I should say that some things bother me a bit. Some of Dixon's stunts (such as stealing a colleague's insurance policies and burning them) seem, well, felonious. And of course Margaret Peel really is someone he's better off breaking up with, but the way Christine is presented as naturally good because she is beautiful does seem rather sexist. Still, all this can be laid to accurate description of a certain character -- and if we root for Jim (as we more or less naturally do), it should be with some uneasiness.
All this said, Lucky Jim is deservedly a classic of 20th Century fiction, and an enormously entertaining book.
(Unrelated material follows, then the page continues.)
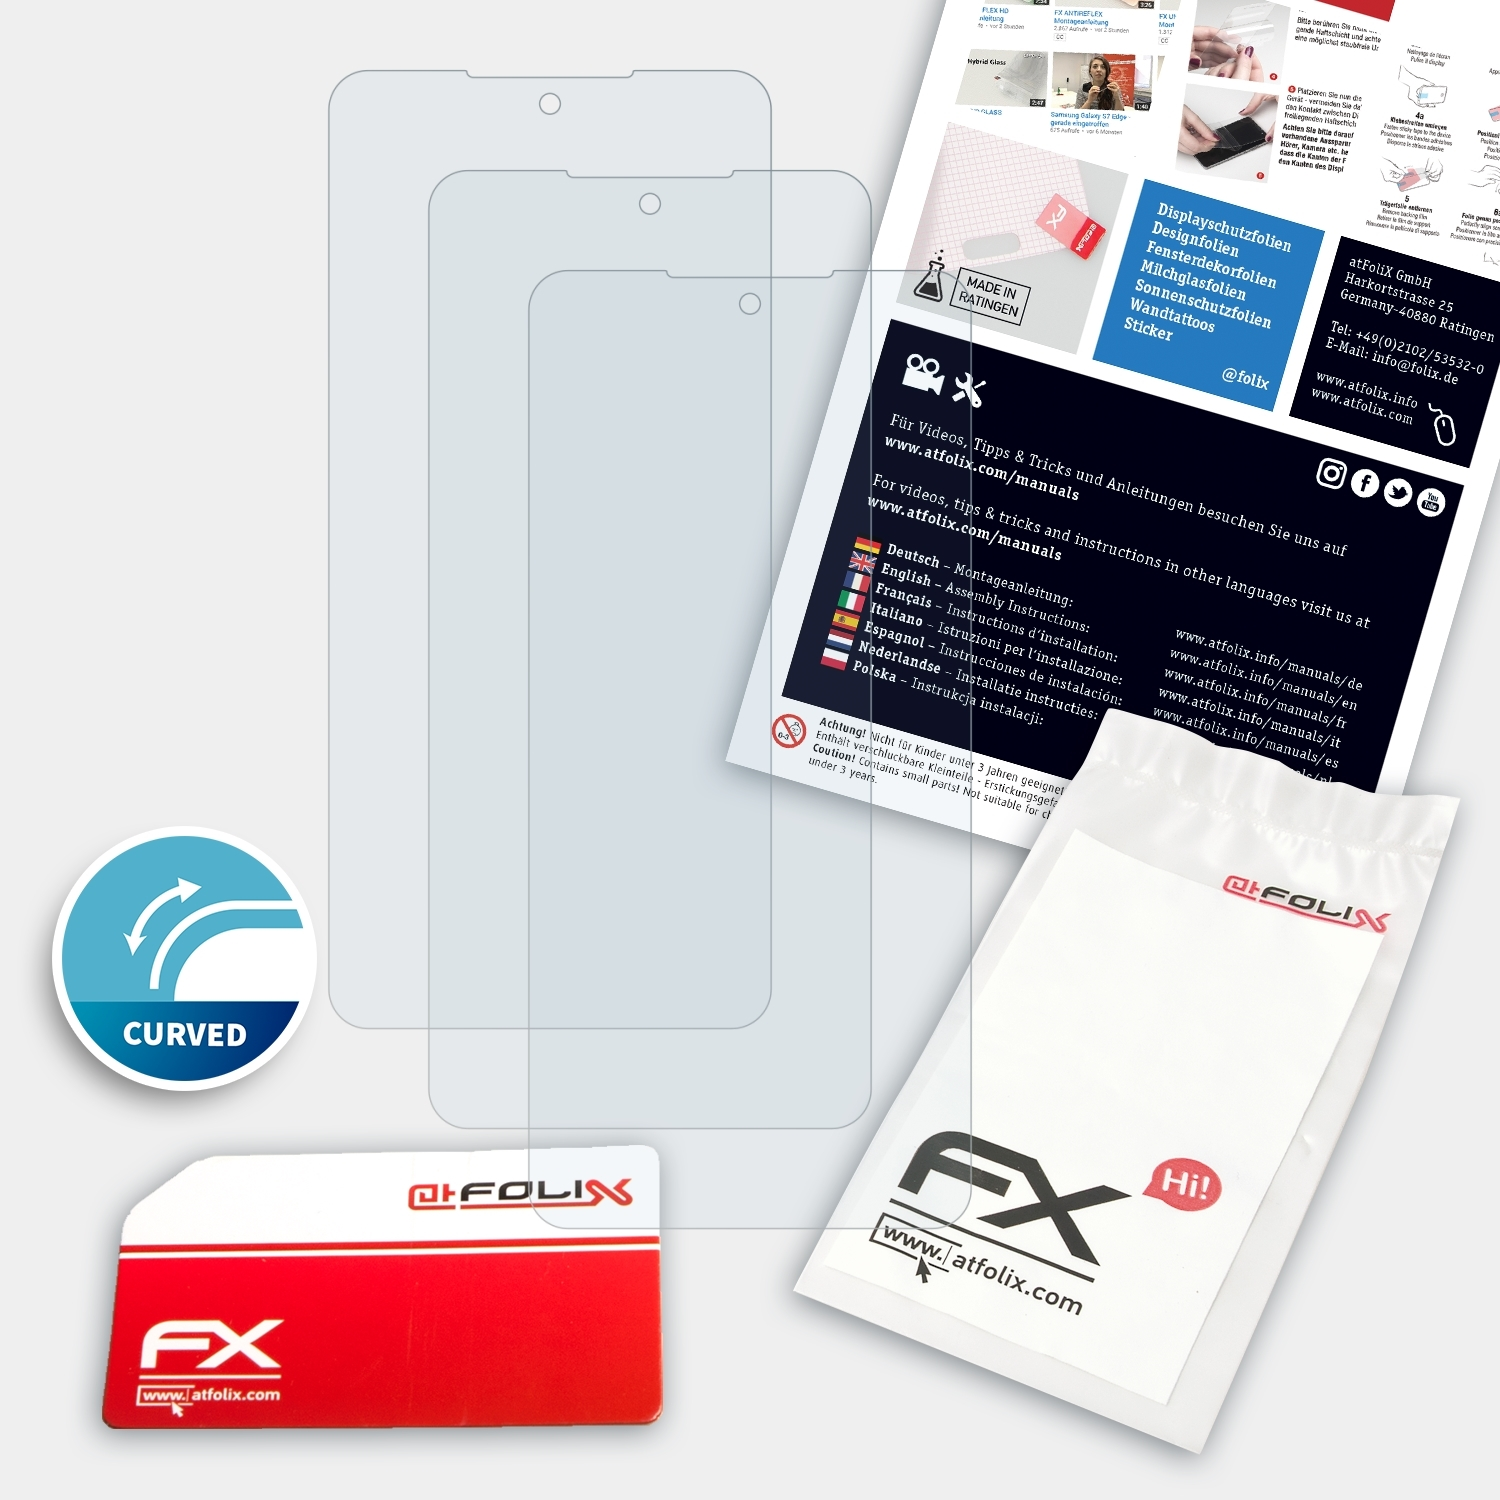 Xiaomi FX-ActiFleX Displayschutz(für ATFOLIX K40) 3x Redmi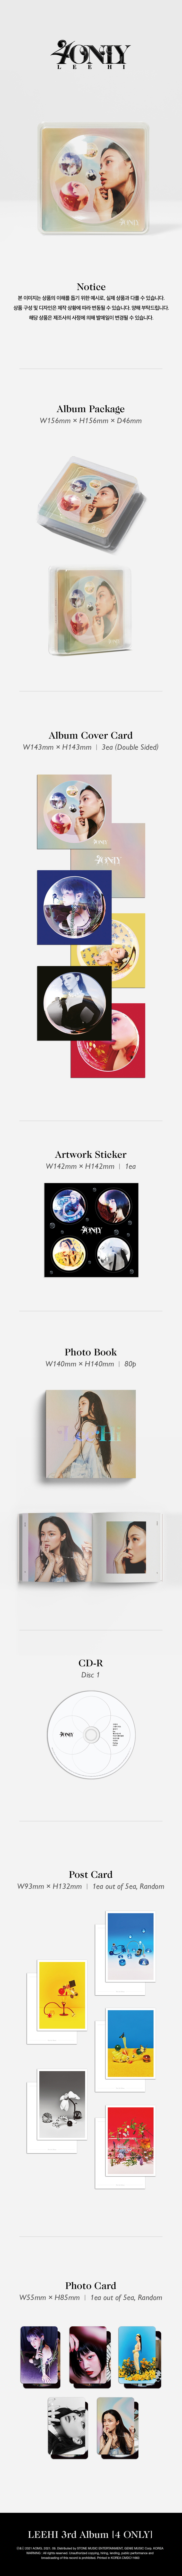 Lee Hi - 3RD ALBUM [4ONLY] AOMG LEE Hi 4ONLY album cd

This edition includes an introduction by David Lodge, who is both an first rate writer of comic novels in the same mode as Lucky Jim, and a first rate critic as well.
Still Funny After All These Years August 22, 2005 11 out of 11 found this review helpful
Though the sexual mores of Kingsley Amis's 1950's feels decidely quaint,Lucky Jim does not seem dated. The book is a riotous comedy that is satire at its greatest. Evelyn Waugh's reputation soars above that of Kinglsey Amis, but in most of Waugh's satires, like most satire in general, we care little about the characters. We care about Jim Dixon--Amis's greatest creation. Amis never wrote a better book than this, his first; he grew increasingly bitter and, while the later books are often more complex, none bring the pure satisfaction of this perfect gem.
A Laugh a Page! February 24, 2004 4 out of 5 found this review helpful
A pleasant and refreshing read. Sir Kingsley's mastery over the English language combined with a hilarious 'common man' story makes LUCKY JIM undoubtedly one of the greatest novels of the twentieth century. Follow the misadventures of Jim Dixon, the novice college professor who can't seem to find happiness or luck anywhere, until his life turns around for the better, ironically because of his own irreverance and ineptitude at the climax of this outrageously funny novel. Certainly the funniest book on my shelf-- concise, witty and timeless.
One of the Funniest Books Ever January 8, 2004 4 out of 5 found this review helpful
This book is a hilarious balm for a quarter life crisis and should be required reading for anyone who is in Generation X. Set in the 1950's, Jim proves that today's young professionals are not the first to be "slackers". Newly graduated, Jim feels lost, does not like his job, dislikes his boss (and the boss's family), and enjoys making fun of pseudo-intellectuals with his razor sharp intellectual sense of humor. During this turmoil Jim finds himself hopelessly falling in love with a woman who is "off limits" and he is forced to make some serious choices. This book is truely a classic and one will fall in and out of love with this witty anti-hero with every passing page.